İbrahim Güçlü bu dönemde devlet içindeki bazı odakların PKK eliyle cinayetler işlediğini, bölgeyi parçalattığını ve 12 Eylül'e zemin hazırladığını anlatıyor. İlginç bir tespitini de şöyle aktarıyor: "Devlet içindeki güçler el altından piyasaya silah sürerdi. Çatışma ortamında silah ve mermi fiyatlarının artması gerekirdi. Ancak tam tersini yaşadık. Siverek'te çatışmalar şiddetlendikçe silah ve mermi fiyatı düşer ve onları bulmak kolaylaşırdı. Hilvan'da da aynı durum vardı. Çatışmalar yavaşladığında ise tam tersi olur, silah fiyatları artardı. Bir tuhaflık vardı ve biz buna şaşırıyorduk. Biz de kendimizi savunmak için silahlanmıştık. Diğer gruplar da silahlıydı. Ancak şiddeti PKK sürdürüyordu."

APO, MEHMET UZUN VE CELAL TALABANİ ANLAŞTI

Abdullah Öcalan 1979'da yurtdışına çıktı. Önce Lübnan'a ardından da Suriye'ye gitti. Orada Filistin güçleri, Kürdistan Demokrat Partisi (KDP) ve Kürdistan Yurtseverler Birliği (KYB) ile ilişkiye geçti. O dönemde Kuzey Iraklı Kürtlerle diğer Kürt hareketlerinin bağlantısı vardı. PKK henüz güçlü bir örgüt olmamasına rağmen silahla terör estiriyordu. Bu durum ’devletin bir birimiyle irtibatlı' olduğu eleştirilerine yol açıyordu. PKK, Kürtlerin gözünde meşruluğunu kabul ettirmek için Celal Talabani liderliğindeki KYB ile irtibata geçmek istiyordu. KYB'den onay alıp Talabani'nin Lübnan, Suriye ve bölgedeki ağırlığından faydalanmayı ve buralarda yer tutmayı planlıyordu. Bunun üzerine Talabani daha sıkı ilişkiler içinde olduğu Ala Rizgari grubuna PKK'yı sordu. KYB'ye PKK hakkından bilgiler verildi. Talabani de bölgedeki kaosun Kürtlere zarar verdiğini düşünmeye başlamıştı. Bu sebeple Ala Rizgari, PKK ve KYB arasında üçlü görüşmelere başlandı. 1979 yılının sonlarından yapılan görüşmelerde PKK'nın, düşman ilan ettiği diğer örgütlere özellikle KUK'a saldırmaktan vazgeçmesi gerektiği üzerinde duruldu. Bu süreçte Öcalan çatışmaların bitirileceği sözünü veriyordu. Ala Rizgari ve Celal Talabani, bunun sözde kalmaması gerektiğini belirtip çatışmaların sona erdirildiğini beyan eden bir işbirliği protokolü imzalanmasını istedi.
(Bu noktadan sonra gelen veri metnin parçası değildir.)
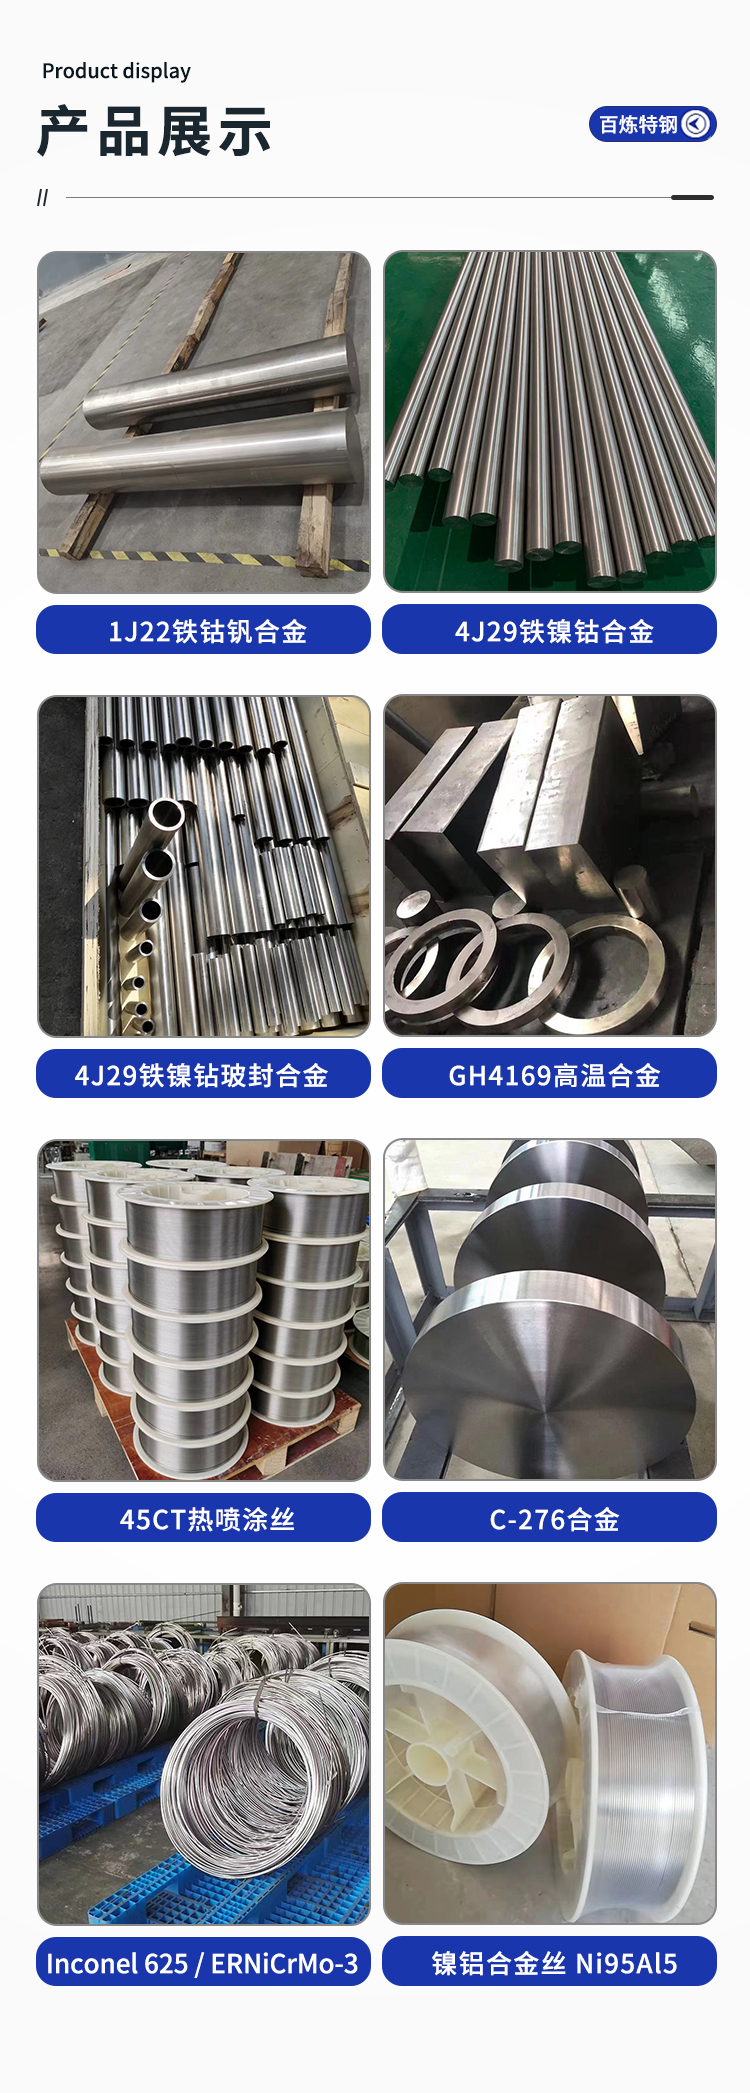 Bailian Special Steel Nickel Cobalt Alloy 4J29 Strip, Bar, Plate, and Pipe Can be Customized

Bu vesile ile 7 Ağustos 1980'de Şam'da PKK, Ala Rizgari ve KYB temsilcileri bir araya geldi. Uzun görüşmelerden sonra üçlü arasında bir protokol imzalandı. PKK adına Abdullah Öcalan Ali Fırat kod adıyla; Ala Rizgari adına yurtdışında yaşayan Kürt yazar Mehmet Uzun, M.Ferent Baran mahlasıyla; KYB adına ise Celal Talabani kendi ismiyle protokolü imzaladı. Protokolün birer kopyası taraflara verildi.

Ala Rizgari grubuna verilen nüsha hâlen İsveç'te saklanıyor. Ancak olayın birinci tanığı olan İbrahim Güçlü isteyene belgeyi verebileceklerini ilan ediyor. Bu protokole göre, PKK düşman ilan ettiği Kürt hareketlerine yönelik şiddete son verecek, Kürtler arasında bir ittifak sağlanacak, en önemlisi PKK eylem yapmayacak ve silah bırakacaktı. Çünkü Kürtler o dönemde öncelikli olarak siyasi bir hareket tarzı benimsemişlerdi. PKK, düşman ilan ettiği Kawa, Ala Rizgari, KUK gibi 8 örgüt ile 7 sol örgüte karşı düşman tavrını bitirecekti. Örgütlerin isimleri protokolde tek tek sıralandı. Ancak anlaşma imzalandıktan kısa süre sonra Öcalan buna uymayacaklarını duyurdu. Ardından 12 Eylül süreci başlayınca her şey akim kaldı.

İbrahim Güçlü, Ergenekon davasına da değinerek olayları şimdi daha iyi anladıklarını, Öcalan'ın başka güçlerle hareket ettiğini kavradıklarının altını çiziyor: "Çatışmalı ortam sona erecekti. Kürtler haklarını daha iyi ve birlikte isteyeceklerdi. Bölgeden Batı'ya zorunlu göçler olmayacak, köyler boşaltılmayacaktı. Ancak PKK başkasıyla hareket ettiğini belli etmiş oldu ve bölgede tam bir kaos ortamı oluştu. Biz silahlı mücadele zamanı olmadığını söylüyorduk. Talabani de bize destek veriyordu. PKK ise ısrarla silahlı propaganda yaptığını söylüyordu."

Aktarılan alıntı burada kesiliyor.